What constitutes a large leverage value? The sum of the leverage values is equal to the number of beta coefficients \(p\).
## sum_lev
## 1 2
So the average leverage is \(p/n\). Observations with leverage values greater than 2 or 3 times \(p/n\) identify outliers in terms of the explanatory variables.
## [1] 0.06451613
Outliers in terms of influence (Cook’s distance)
Cook’s distance measures the change in model fit from leaving out the
observation. It is given by augment()
as
.cooksd
. A rule-of-thumb is that observations with Cook’s
distance greater than 1 can be identified as potentially
influential.
fit_dat |>
mutate(resid = qresid(fit)) |>
rename(leverage = .hat) |>
arrange(desc(.cooksd)) |>
select(.cooksd, ID, resid, leverage) |>
head(6)
## .cooksd ID resid leverage
## 1 0.84317148 17 -1.7373953 0.31108992
## 2 0.53728929 11 0.6613919 0.48961774
## 3 0.53595247 7 3.5060946 0.03987337
## 4 0.13110736 5 1.8515415 0.04544019
## 5 0.12951918 31 1.9620053 0.04014949
## 6 0.07796161 20 1.7870093 0.04544019
Sorting the data by Cook’s distance reveals observation 17 as the most influential. Overall, observations 17, 11, and 7 have much more influence than any of the other points.
The plot below demonstrates how the expected counts change when each of the points is left out.
Why does this plot agree with observation 17 having the largest Cook’s distance?
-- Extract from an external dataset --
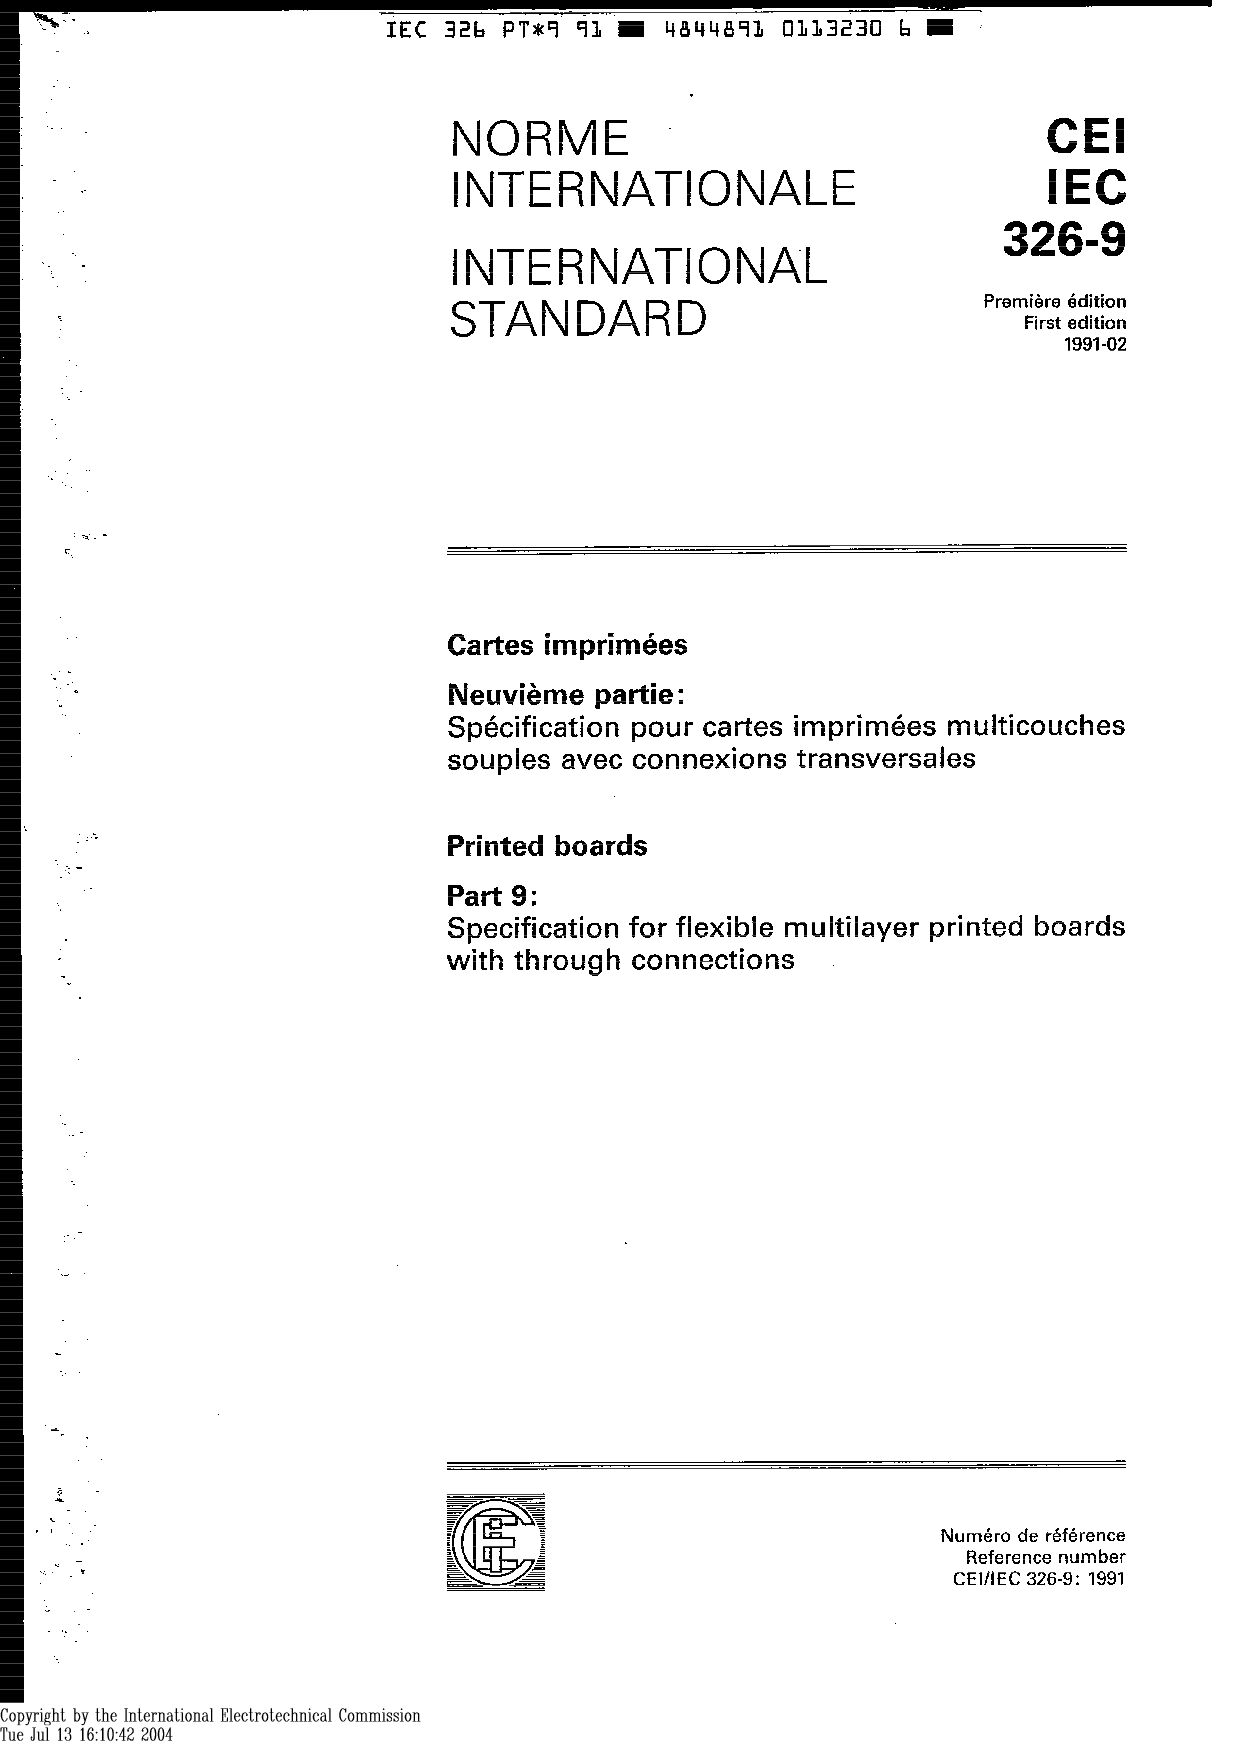 IEC 60326-9-1991

Because the green line (when obs 17 is left out) is farthest from the black line
Connecting the 3 measures
The Cook’s distance increases both
as the magnitude of the residual increases
as the leverage increases
This means that the most influential points are outliers in terms of BOTH y and x.
fit_dat |>
mutate(resid = qresid(fit)) |>
rename(leverage = .hat) |>
arrange(desc(.cooksd)) |>
select(.cooksd, ID, resid, leverage) |>
head(3)
## .cooksd ID resid leverage
## 1 0.8431715 17 -1.6849353 0.31108992
## 2 0.5372893 11 0.7654911 0.48961774
## 3 0.5359525 7 3.7991035 0.03987337
Looking at the three most influential observations (17, 11, and 7):
observation 7 has the largest residual but a small leverage
observation 11 has the largest leverage but a small residual
observation 17 is the most influential because has a somewhat large residual AND a large leverage.